"Tecedor de amanhãs"
Data 09/04/2023 11:21:22 | Tópico: Poemas
| Desfolho o tempo, devagar, em camadas, E vou assistindo minhas mãos cansadas Projetando estranhas sombras chinesas Sobre antigos e desusados bibelôs.
Chama a minha atenção A cúpula em chamas Do abajour inglês Encardida e carcomida Pela morte e pela vida Dos pequenos seres.
Brinco com os dedos, numa cena patética e pueril, Misturando teatro itinerante Com origamis japoneses.
E, do nada, começo a traçar linhas imaginárias, Desenhando pelo ar, Nos nós dos caracóis Que evolam do cigarro, Pequenos corações Com nomes desconhecidos Que insiro dentro deles.
E desperto com a brasa acesa Das sensações recolhidas dispersas No decorrer da lida diária.. Reminiscências antigas projetadas na parede da memória Relatam uma história Não contada nos livros.
E o tic-tac do relógio da parede Vai ditando as horas Num frenesi alucinante Enquanto lá fora O mundo adormecido Insiste em me dizer não.
Vou traçando assimétricos arabescos Tingindo o som do meu âmago com o vento Que sibila entre cordas nos outeiros Empunhando bandeiras sem causas e sem cores.
E recolho-me dentro desta solitude A lamentar o tempo que escoa sobre A minha inerme existência e que coa Os dígitos em simples alfarrábios.
Devaneio em árvores que, ninguém Sabe o porquê, esse ano não deram flores.

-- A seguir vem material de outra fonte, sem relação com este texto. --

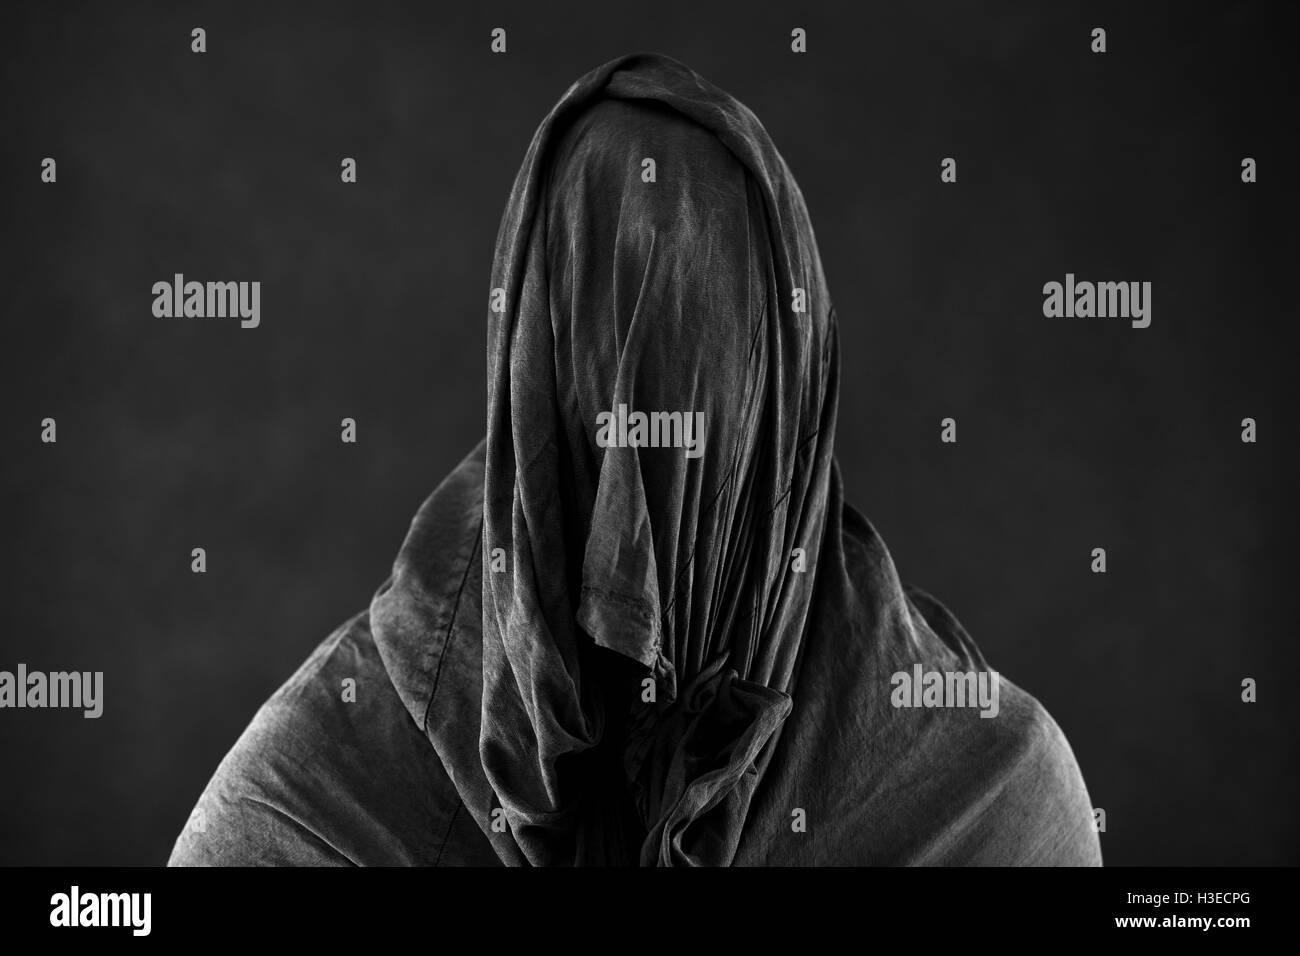 Ghost in the dark Photo Stock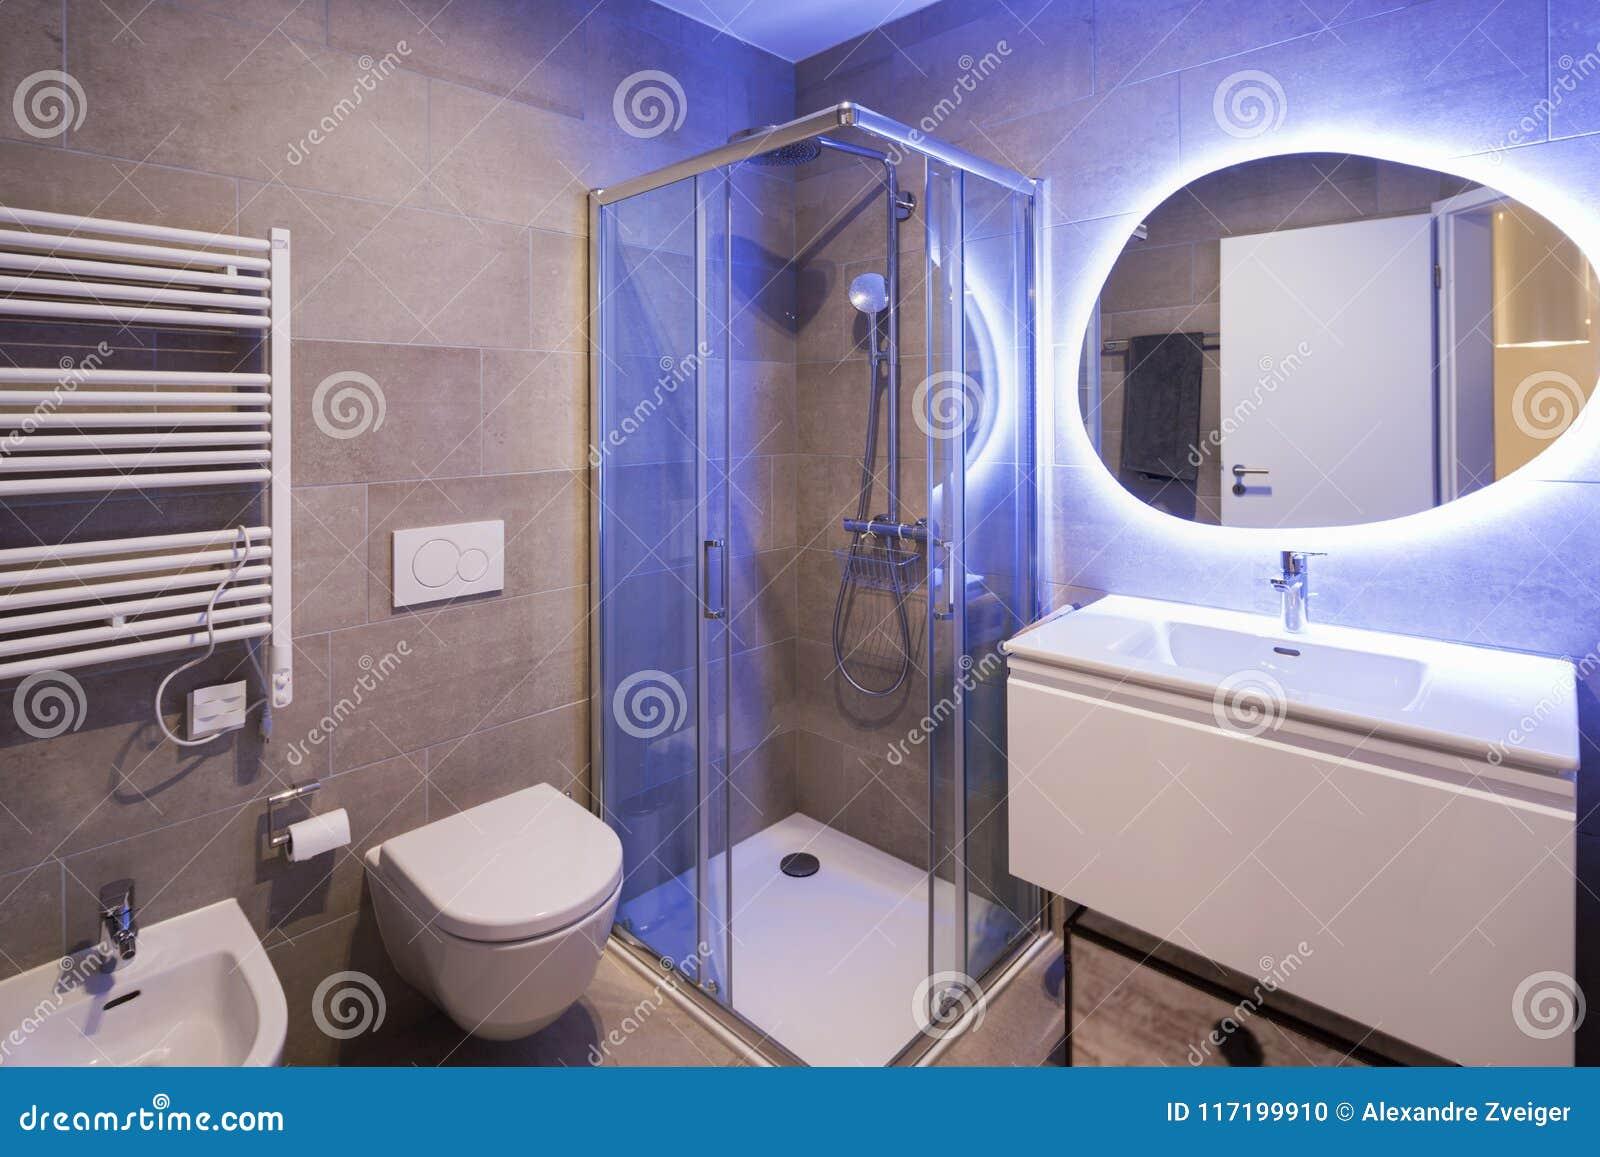 Download Modern Marble Bathroom With Backlit Mirror Stock Photo - Image of violet bidet: & Modern Marble Bathroom With Backlit Mirror Stock Photo - Image of ...

Falho ao rimar rumo a um oceano dúbio de inconstantes esperanças tardias Onde o pão de cada dia Vai consumindo o homem de cada mês.
E o tempo escoa entre os dedos das minhas mãos E a sensação que tenho É que o tempo tende a não tecer mais auroras Para que os cantos dos galos do futuro (Presos em gaiolas) Nunca mais possam tecer novos... Amanhãs!